The fact is that Trump may have changed modern politics but not necessarily the modern presidency. There is a difference and that lesson can be found in the presidency of none other than Bill Clinton.

There is a tendency in the media to paint the current political position of the Administration as an unprecedented “disaster” and “trainwreck.” However, Trump’s polling now stands around 40 percent. In fairness to Trump, he has been more popular than Bill Clinton at this point in his presidency. (Clinton hovered around 39 percent). Moreover, Trump is not the first president who won on the margin and then tried to govern from the margin. Clinton famously adopted the “triangulation” strategy of his advisor Dick Morris — a strategy that positioned himself outside of the two parties (including his own) and openly attacked the establishment while president. The result was great for Clinton but devastating for his party, which lost control of Congress in 1994. Triangulating secured Clinton his second term but, to do so, he had to virtually garrote his own party members.

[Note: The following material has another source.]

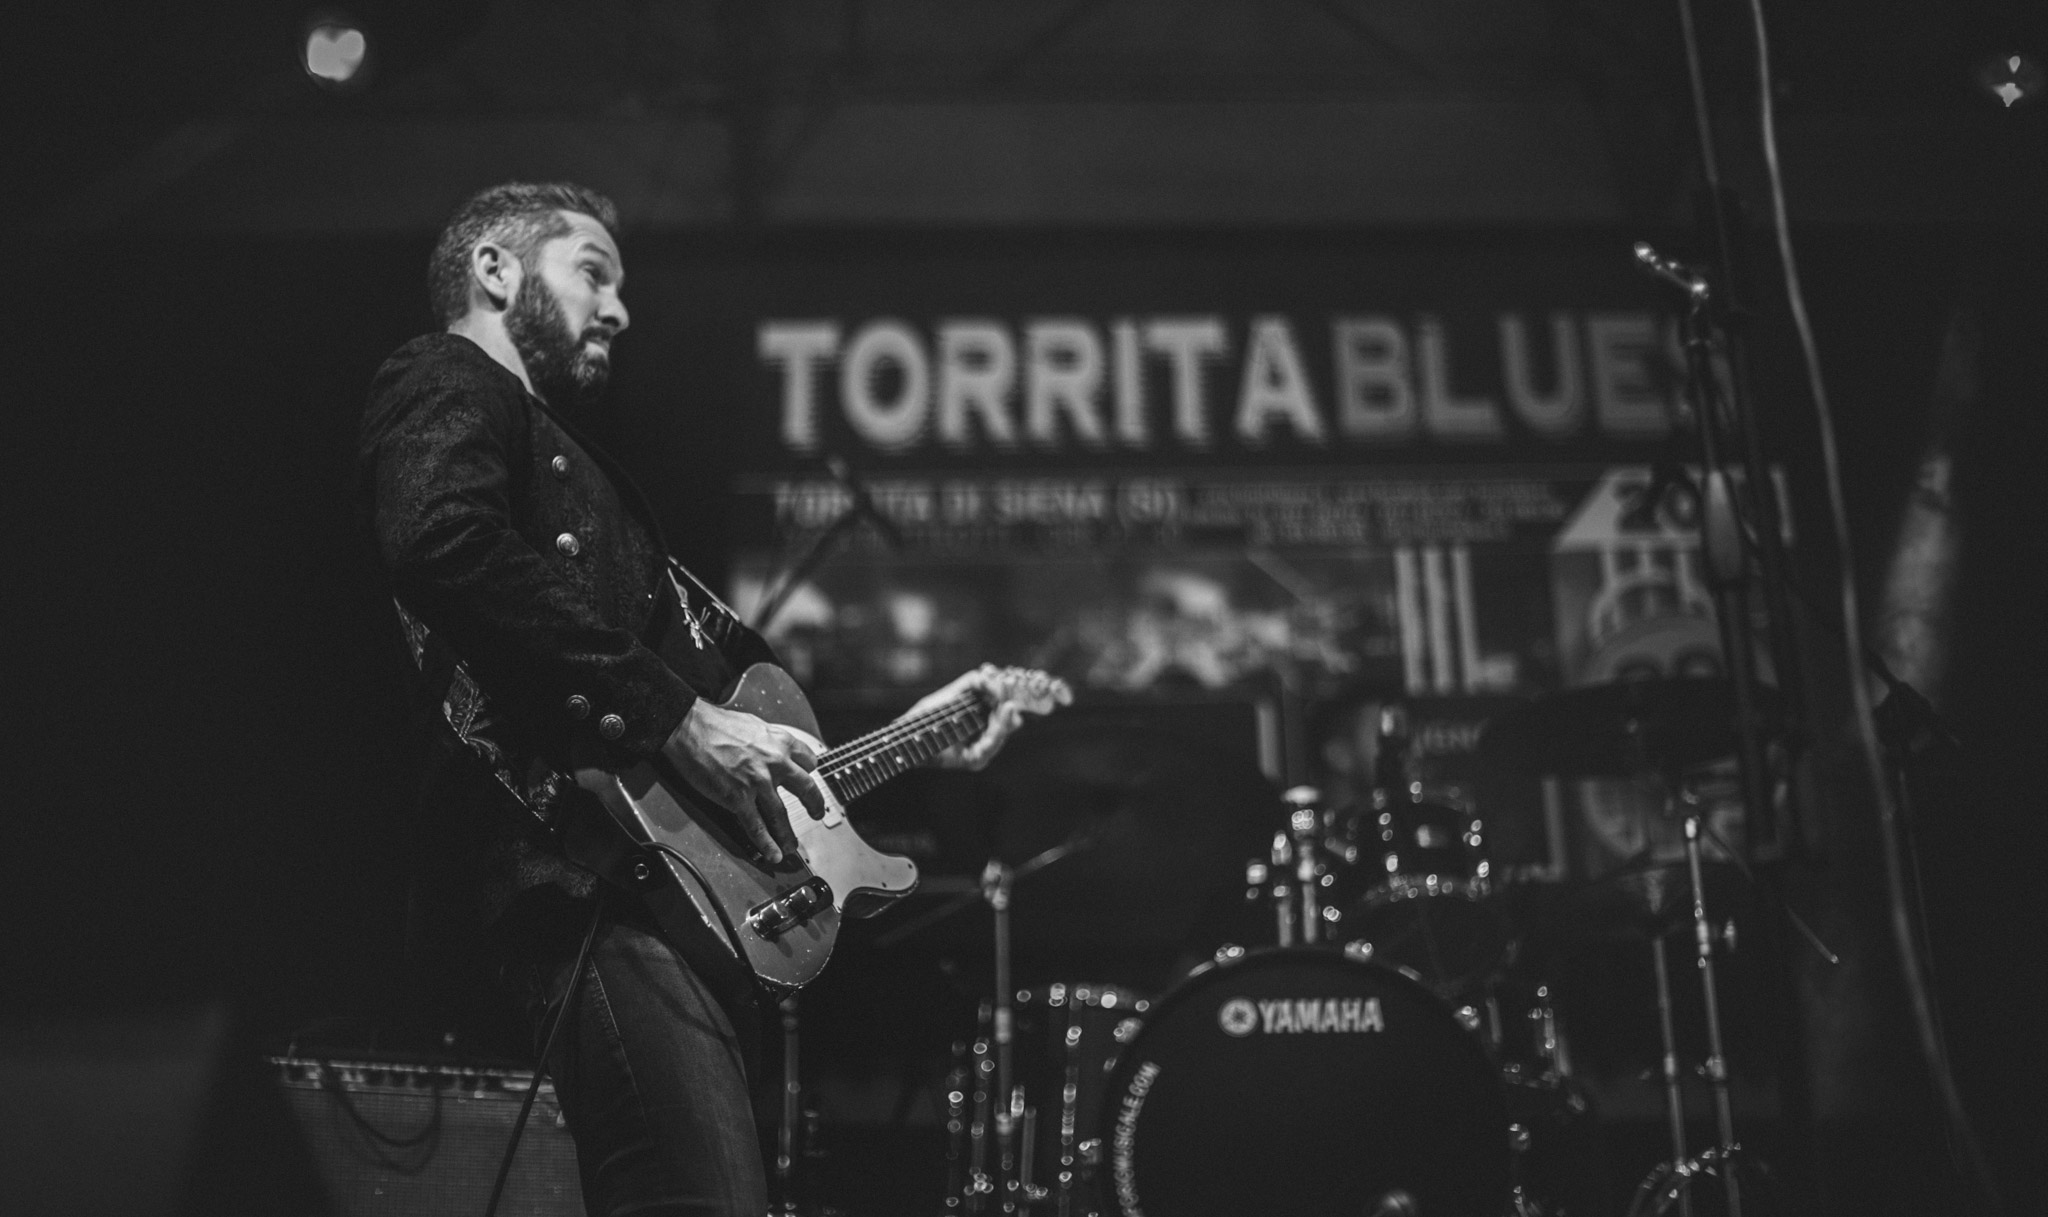 The Fullertones live at Torrita Blues

In this sense, Trump is partially right and partially wrong. There is no reason that he should stop tweeting. The problem is not the means, it is the message. The fact is that his allies are encouraging him to stop tweeting because they do not believe that he can exercise restraint on instant social media. Trump won the last election through unrelenting and personal attacks. Trump has been successful in forcing his opponents to become the very stereotypes that he paints in his attacks. What is most surprising about Trump baiting opponents is that they continue to take the bait. It has even worked with journalists and judges – and political opponents by the gross. He calls media “fake” and biased. The response from some news organizations is to be unrelenting parts of the “resistance.”

While the negative branding of opponents it may be working, it is not succeeding. The reason is that he is now President. It is very hard to run the government that you head as an outsider warring with every institution and even your own lawyers and agencies. It is like trying to drive a car from the outside. It can be done, but not very well.

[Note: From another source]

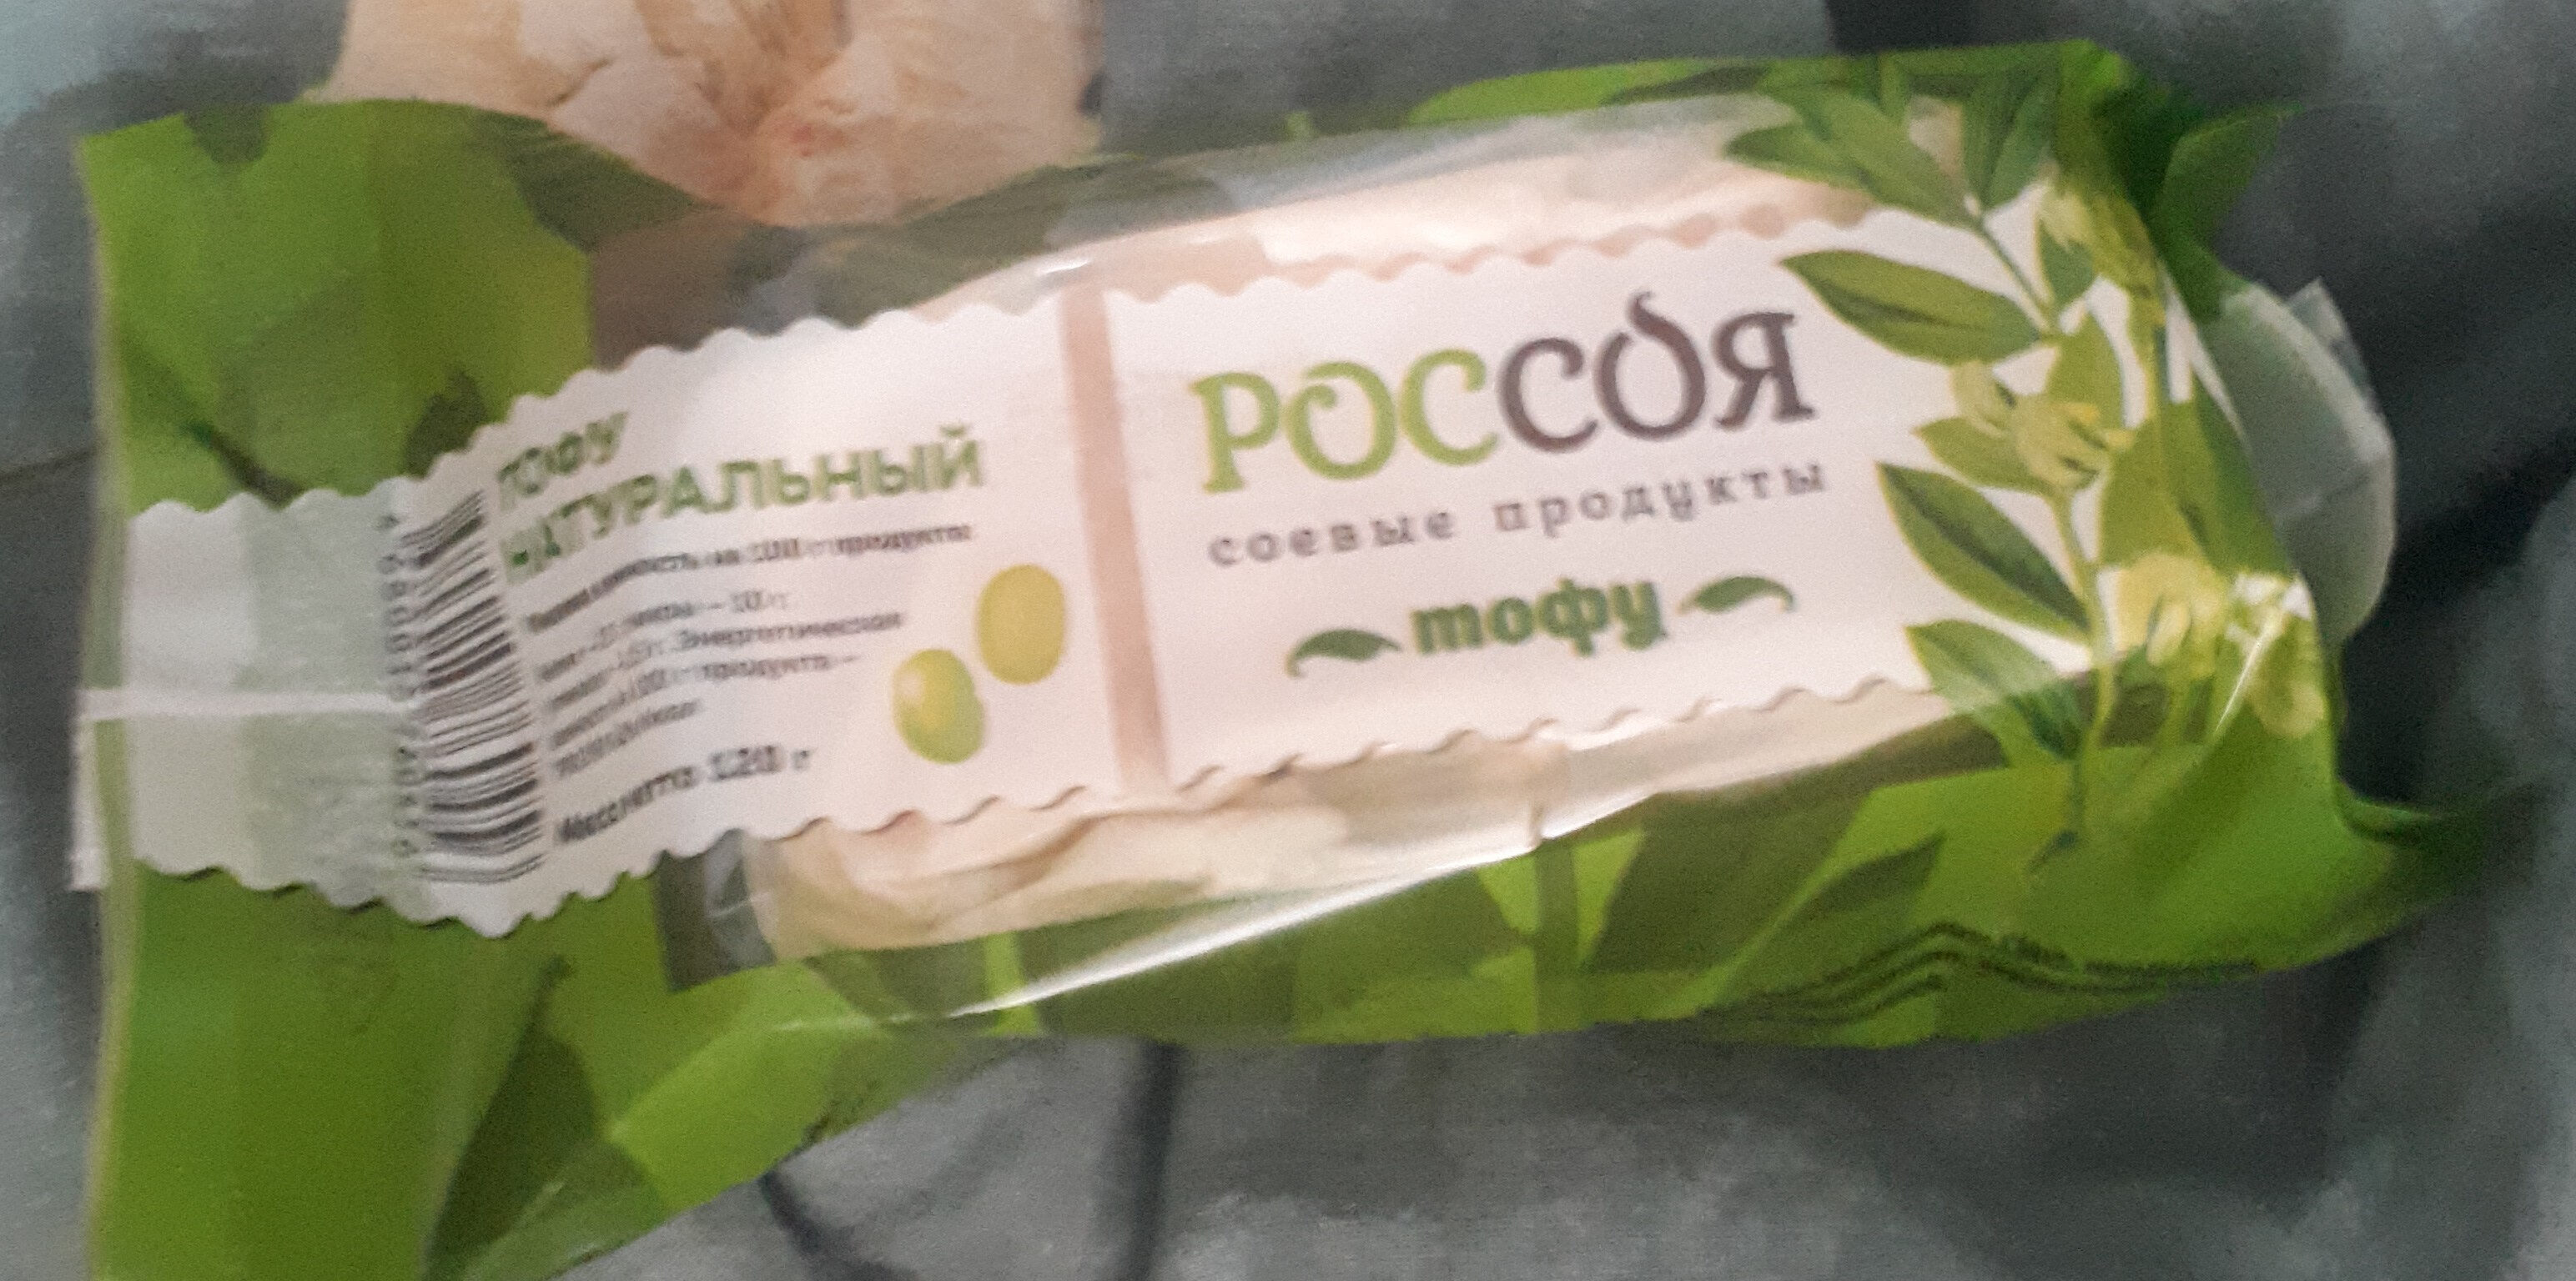 Тофу натуральный, Россоя - Продукт

Just ask Bill Clinton. Clinton shows that playing the margin will not ultimately succeed as a president. It can get you re-elected but at the cost of losing many of your congressional allies and one or both of the houses of Congress. You can be left with a hostile Congress with subpoena authority and inexhaustible rage.

Twitter fits Trump. Where FDR could reach millions with a weekly Fireside Chat on the radio, Trump has a Twitter following in the tens of millions and his tweets reach ten times that number through media pings. While Barack Obama has succeeded in maintaining a much larger audience of over 87 million, Twitter’s short burst, 140 character structure was ideal for Trump’s populist message. It gives him direct and immediate access to his supporters in pressuring the establishment and countering political opponents.

It is still not clear if Trump won because of this strategy or despite this strategy. Bernie Sanders may be correct that Trump did not win the election as much as the Democrats lost it. They lost it by selecting the ultimate establishment candidate with huge negative polling on truthfulness and dragging three decades of scandals.

Let’s assume for a second that the branding and tweet attacks were at least successful on the margin (and in a close race, you only need the margin). It is clearly not succeeding now. Some 71 percent of people say that Trump’s tweets are hurting him, his Administration, and his party. A majority of Republicans hold this view. Republican leaders have lined up to denounce Trump’s tweets targeting people like MSNBC’s Mika Brzezinski and have said publicly that the tweets are proving costly to the GOP legislative agenda.

The problem is that the constant barrage of personal attacks has left both Trump’s staff and allies constantly in a deep bunker. It is impossible to gain ground in a bunker, let alone move an ambitious legislative agenda. What may have been successful on the campaign (and continues to resonate with 40 percent of the public) is not enough to actually lead and govern.

To make matters worst, the content of these tweets is undermining the Administration on the world stage and in the courts. There have been glaring conflicts between presidential tweets and Administration policies. In litigation, Trump’s tweets were used by various courts to rule against his Administration and Trump even directly contradicted his own Justice Department in representations being made to the Courts in the immigration litigation.

Calling for the President to stop tweeting is like demanding calling on Truman stop using pen and paper after his threatening a critic of his daughter as a singer. It is not the medium but the message, but allies clearly do not believe that Trump can control the message . . . so they want to close the medium. That is perhaps the most alarming aspect of this controversy.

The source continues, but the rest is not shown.